The coldblooded atrocities being committed by the fundamentalist militants fighting under the Islamic State’s banners in Iraq and Syria continue unabated.
ISIS militants in the north and west of Iraq are destroying ancient Christian and Shiite religious shrines unchecked, have robbed Christian Iraqis and purged them from the areas they control, and are now carrying out a virtually genocidal massacre of Shia Muslim men.
In a video that was deemed too graphic even for YouTube, ISIS militants revealed their brutality for the world when they posted footage featuring hundreds of Muslim men being summarily executed. “The video shows several dump trucks full of young men on their way to slaughter,” Jim Hoft wrote on Monday. The anguish of those young men who knew they are about to die is beyond recounting.

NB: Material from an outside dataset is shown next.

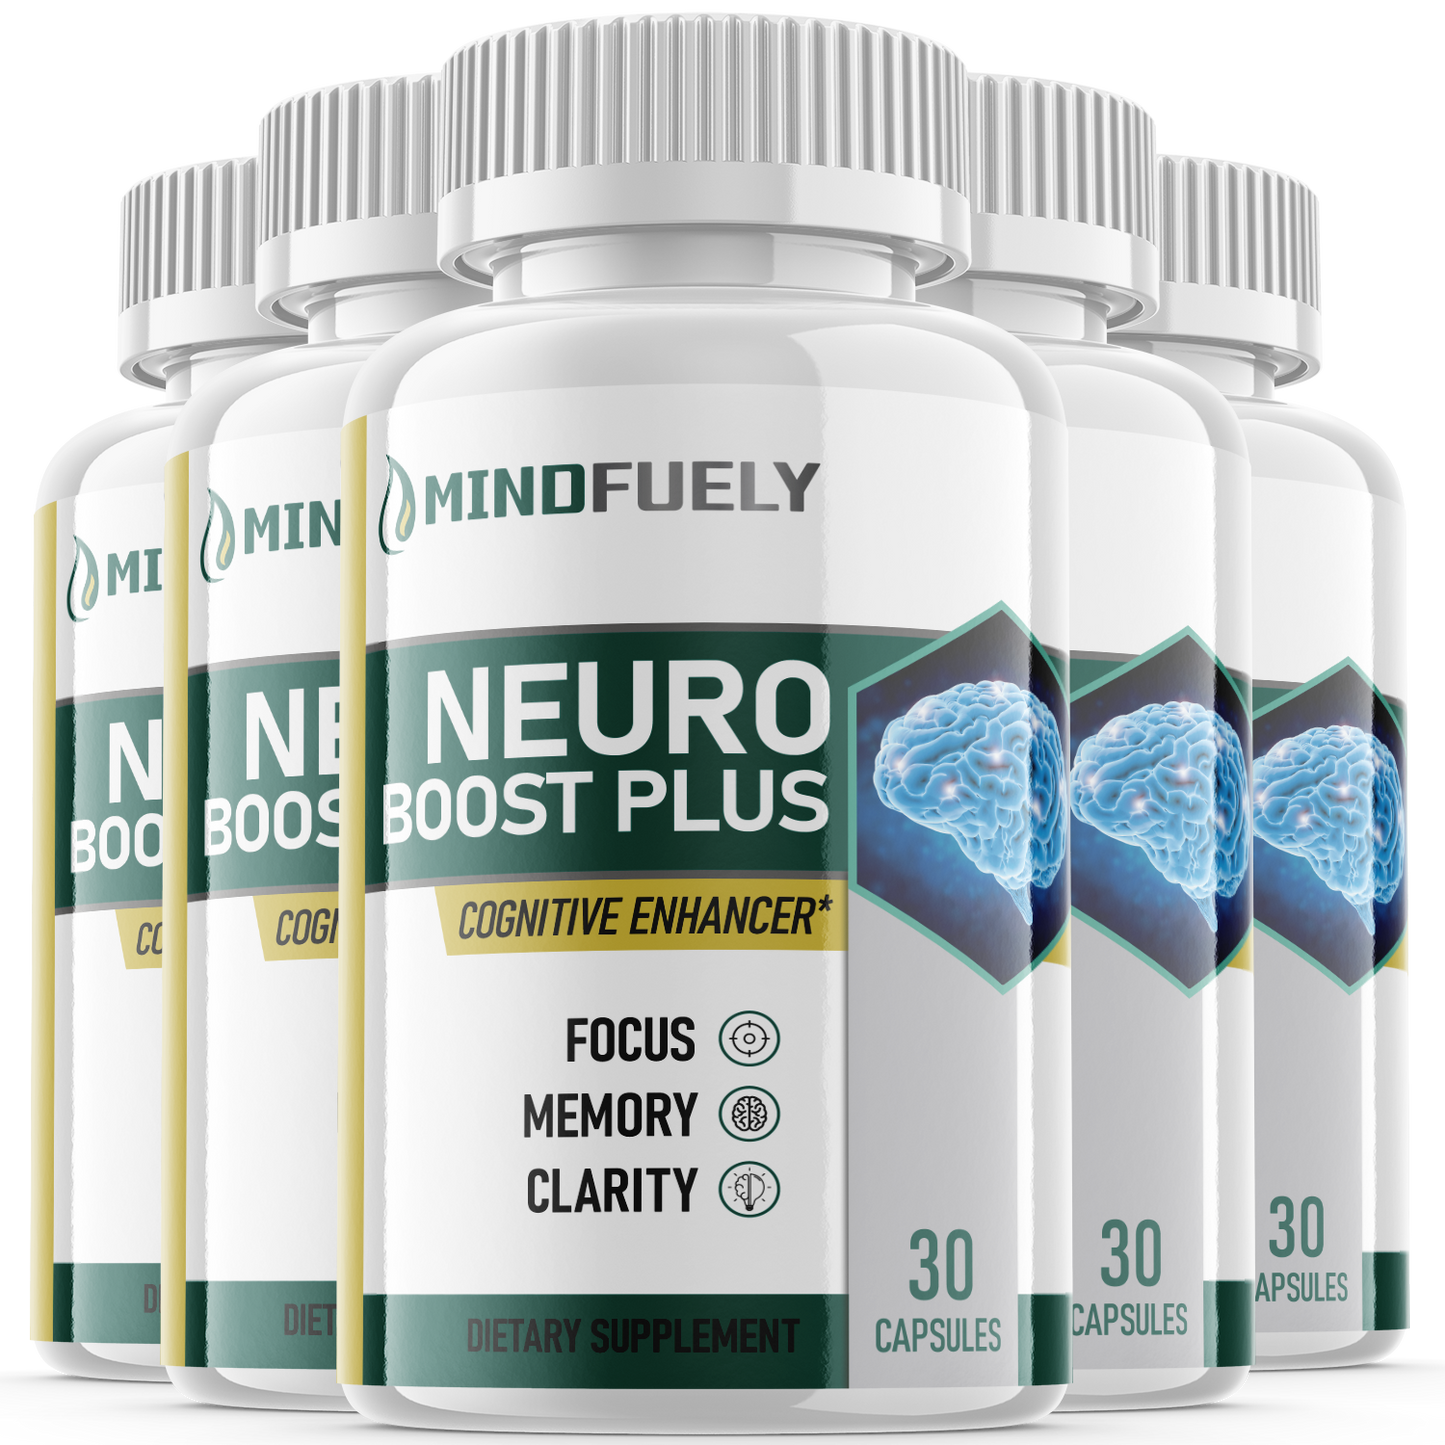 Mindfuely Neuro Boost Pills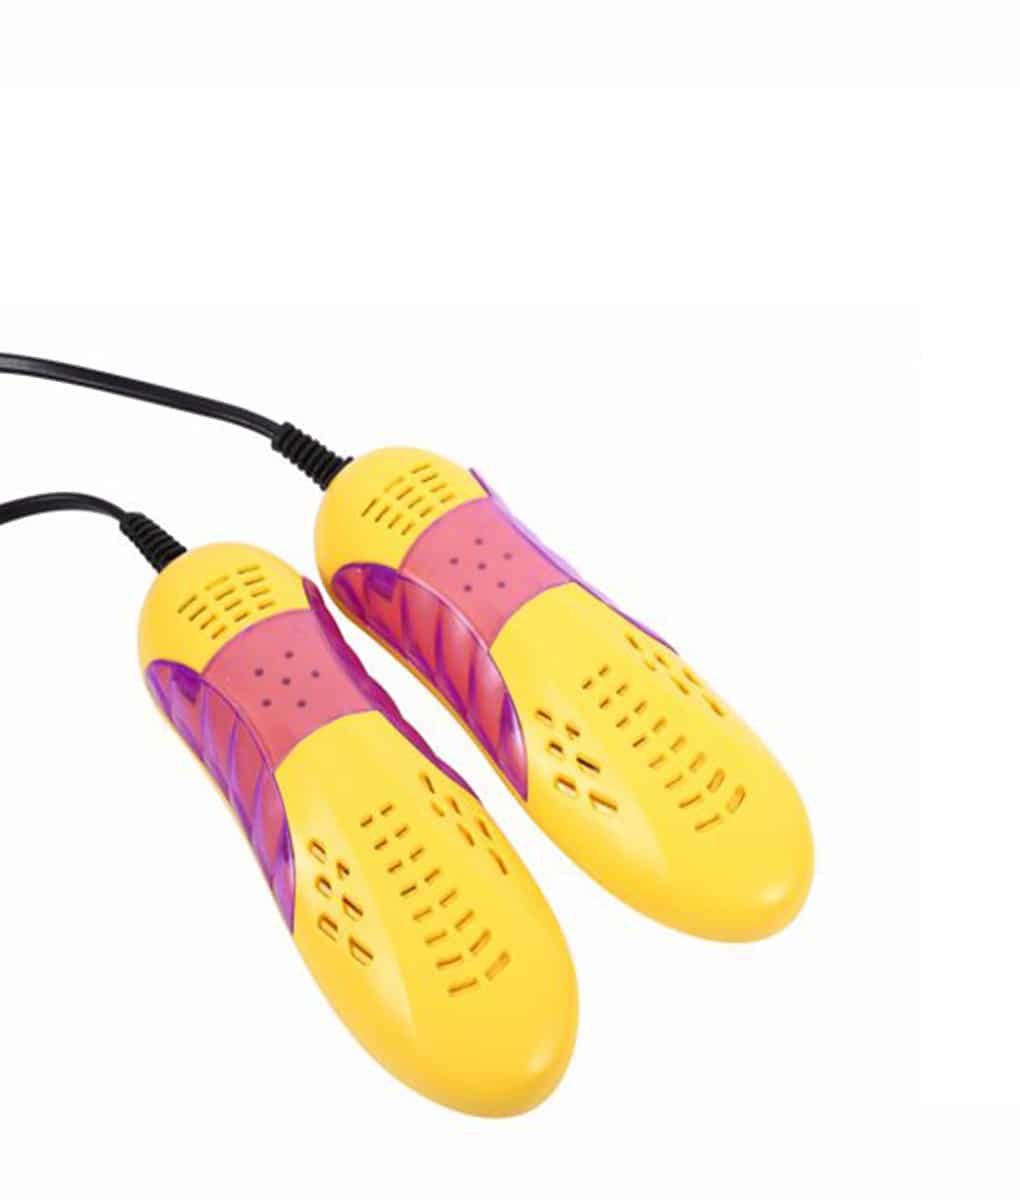 Shoe Dryer Boot Deodorant Dehumidify Device Voilet Light Snowboard Skiing Boots

With these horrors unfolding before our eyes, where are those who once styled themselves champions of the Responsibility to Protect doctrine that once served as the academic framework for humanitarian intervention?
Where is United Nations Ambassador Samantha Power, who once reportedly played a significant role in pushing President Barack Obama to intervene in Libya in 2011 and to advocate for congressional legislation calling for the arrest of Lord’s Resistance Army leader Joseph Kony? The scale of the atrocities being committed in Iraq today is surely on par with those crimes which once moved Power to act.
In her Pulitzer Prize-winning book, A Problem From Hell: America and the Age of Genocide, Power argued that genocides in Armenia, Cambodia, Rwanda, and the German death camps were actively permitted by the international community. This, she suggested, made the world complicit in the crimes being committed by the practitioners of genocide.
“The most common response,” Power wrote of the 20th Century’s genocides, “is ‘We didn’t know.’ This is not true.”
“It is daunting to acknowledge, but this country’s consistent policy of nonintervention in the face of genocide offers sad testimony not to a broken American political system but to one that is ruthlessly effective,” she added. “No U.S. president has ever made genocide prevention a priority, and no U.S. president has ever suffered politically for his indifference to its occurrence. It is thus no coincidence that genocide rages on.”
President Obama, both a Power fan and a benefactor, aimed to change America’s policy of selective intervention into humanitarian crises when he brought her into his administration. Power, along with then U.N. Ambassador Susan Rice and former Secretary of State Hillary Clinton, successfully pushed for what The New York Times described as “a military intervention on a scale not seen in the Arab world since the Iraq War” in Libya.
And yet, the heartbreaking violence ISIS continues to commit is met with silence from the international community and notably from those champions of the Libyan engagement.
Where is President Barack Obama who once made the dubious assertion that unrest in Libya must be quelled without concern for America’s parochial vital interests in that country?
“[I]n Libya, we saw the prospect of imminent massacre, had a mandate for action, and heard the Libyan people’s call for help,” the president said in 2011. “Had we not acted along with our NATO allies and regional coalition partners, thousands would have been killed. The message would have been clear: keep power by killing as many people as it takes.”
“Yes, there will be perils that accompany this moment of promise,” Obama said of the Arab Spring even as it gave way to a dark winter. “But after decades of accepting the world as it is in the region, we have a chance to pursue the world as it should be.”
All that moral clarity and resolve disappears when the conflict is centered in Iraq and the president’s domestic political considerations are taken into account.
In the end, America and the West are unlikely to do anything to stem the tide of violence they unleashed in Iraq by toppling the Hussein regime and abandoning that Middle Eastern state before it could provide for its own security. The case for a NATO-led humanitarian mission in Iraq is stronger than any of the arguments made in favor of intervention in Libya.
Those who once contended that no cost was too high to pay in order to protect human dignity are now weighing the costs associated with recommitting to guaranteeing Iraq’s security and are judging them to be excessive.
The once coveted academic notion of smarter, nuanced, liberal interventionism – a modern peacekeeping doctrine which result in the sloughing off the vestiges crass realism marked by great powers perennially balancing against one another — is just another casualty of the Obama-era. As are the scores of human beings in Iraq and Syria.
This post has been updated since its original publication.